ASSIGNMENT:
Repeat every line of the data exactly; no picture belongs in the copy.

INFORMATION PROVIDED:
● ● ● ● ●
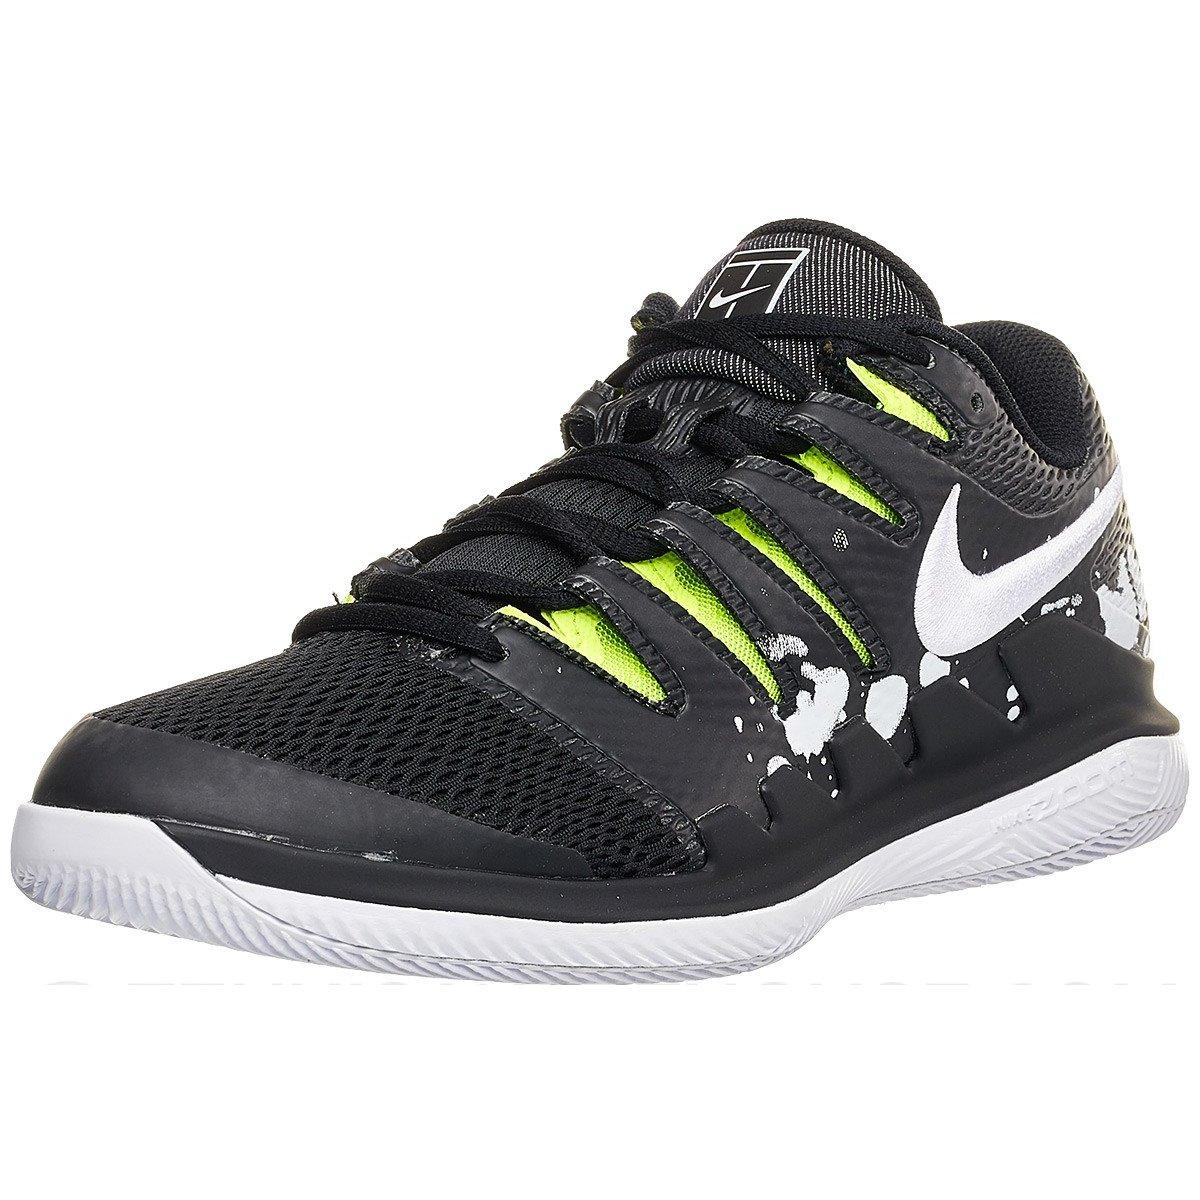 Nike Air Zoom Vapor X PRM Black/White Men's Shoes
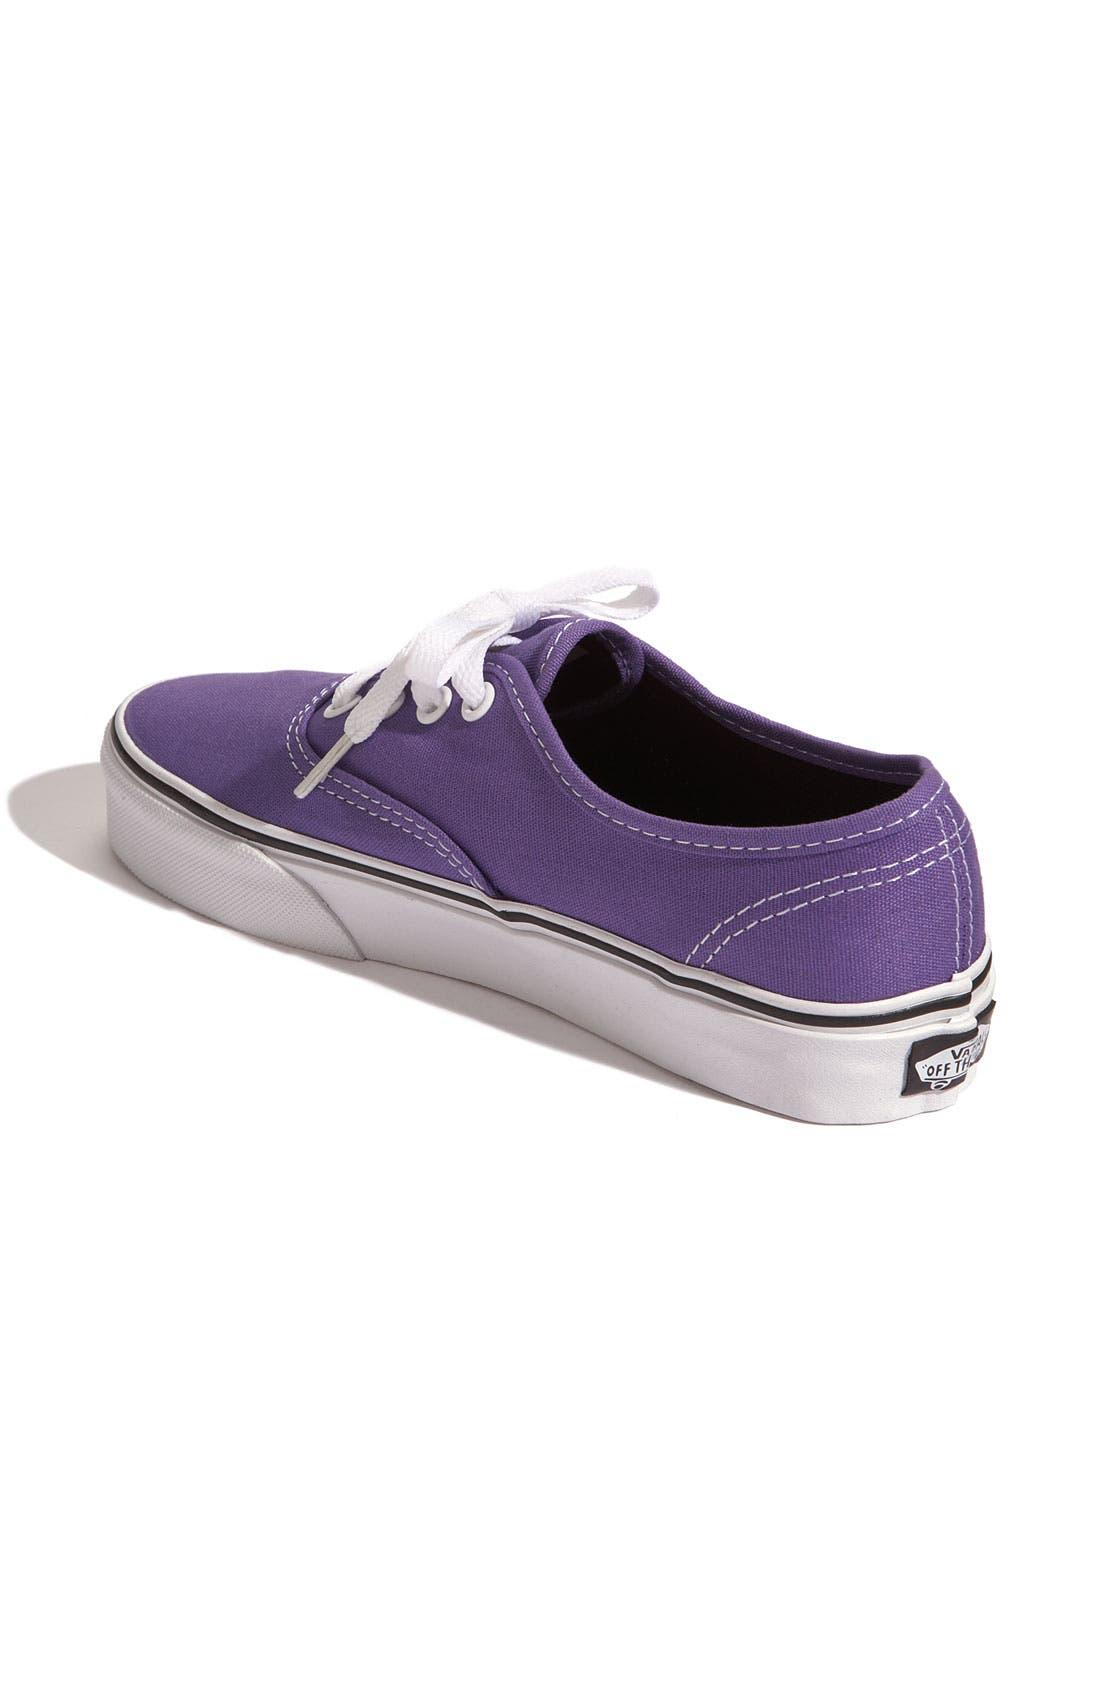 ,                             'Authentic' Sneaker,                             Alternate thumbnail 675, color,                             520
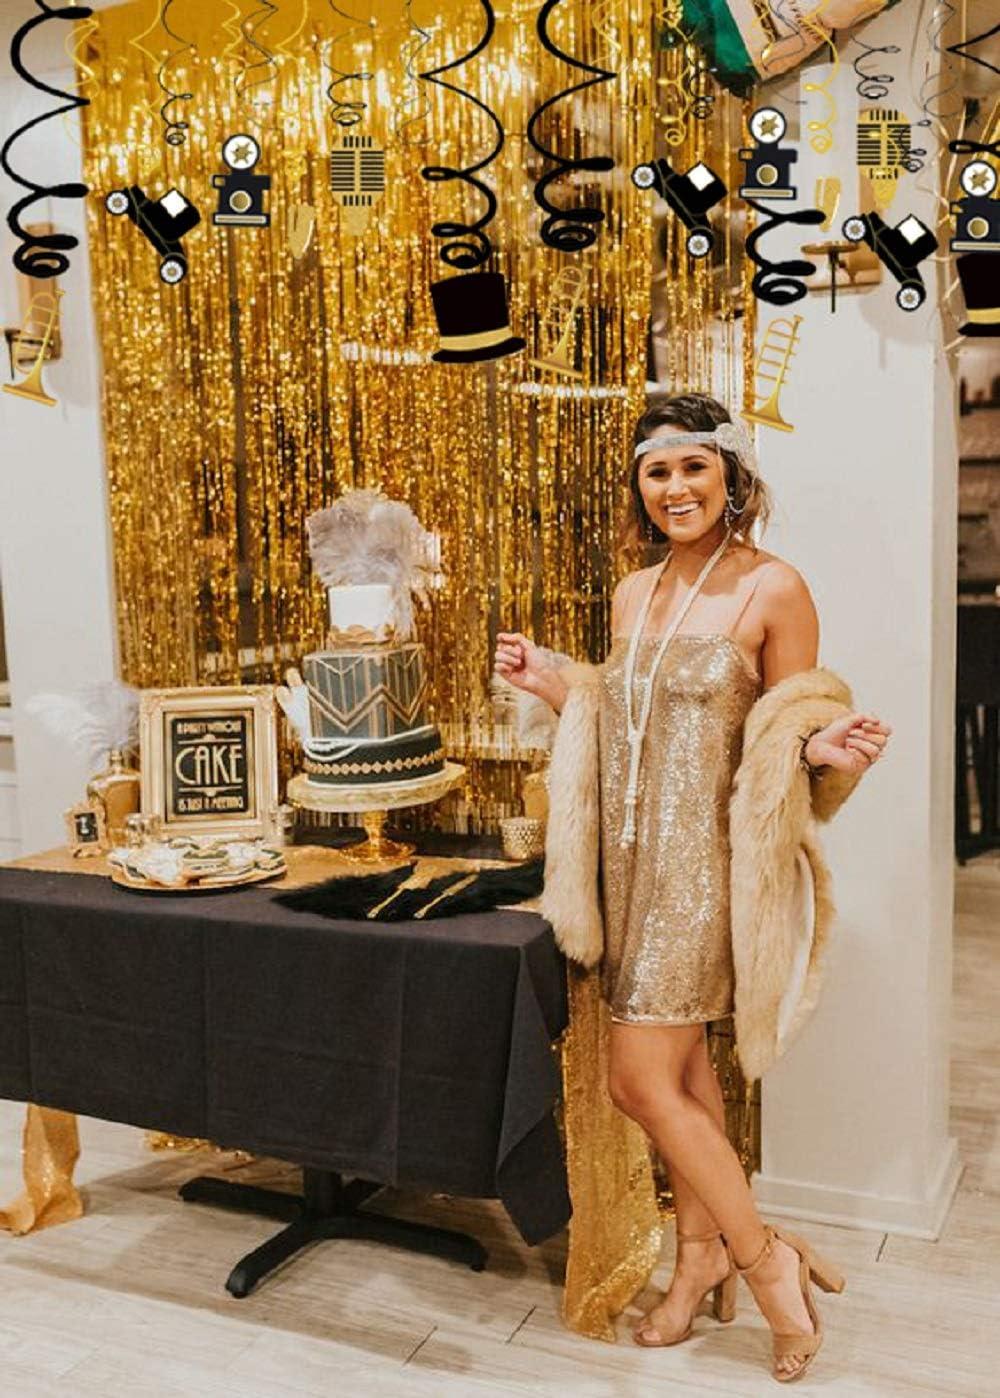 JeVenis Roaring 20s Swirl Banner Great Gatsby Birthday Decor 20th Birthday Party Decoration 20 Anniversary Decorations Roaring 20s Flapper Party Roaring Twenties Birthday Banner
● ● ● ● ●
RESPONSE TO THIS EXERCISE:
 Nike Air Zoom Vapor X PRM Black/White Men's Shoes
 ,                             'Authentic' Sneaker,                             Alternate thumbnail 675, color,                             520
 JeVenis Roaring 20s Swirl Banner Great Gatsby Birthday Decor 20th Birthday Party Decoration 20 Anniversary Decorations Roaring 20s Flapper Party Roaring Twenties Birthday Banner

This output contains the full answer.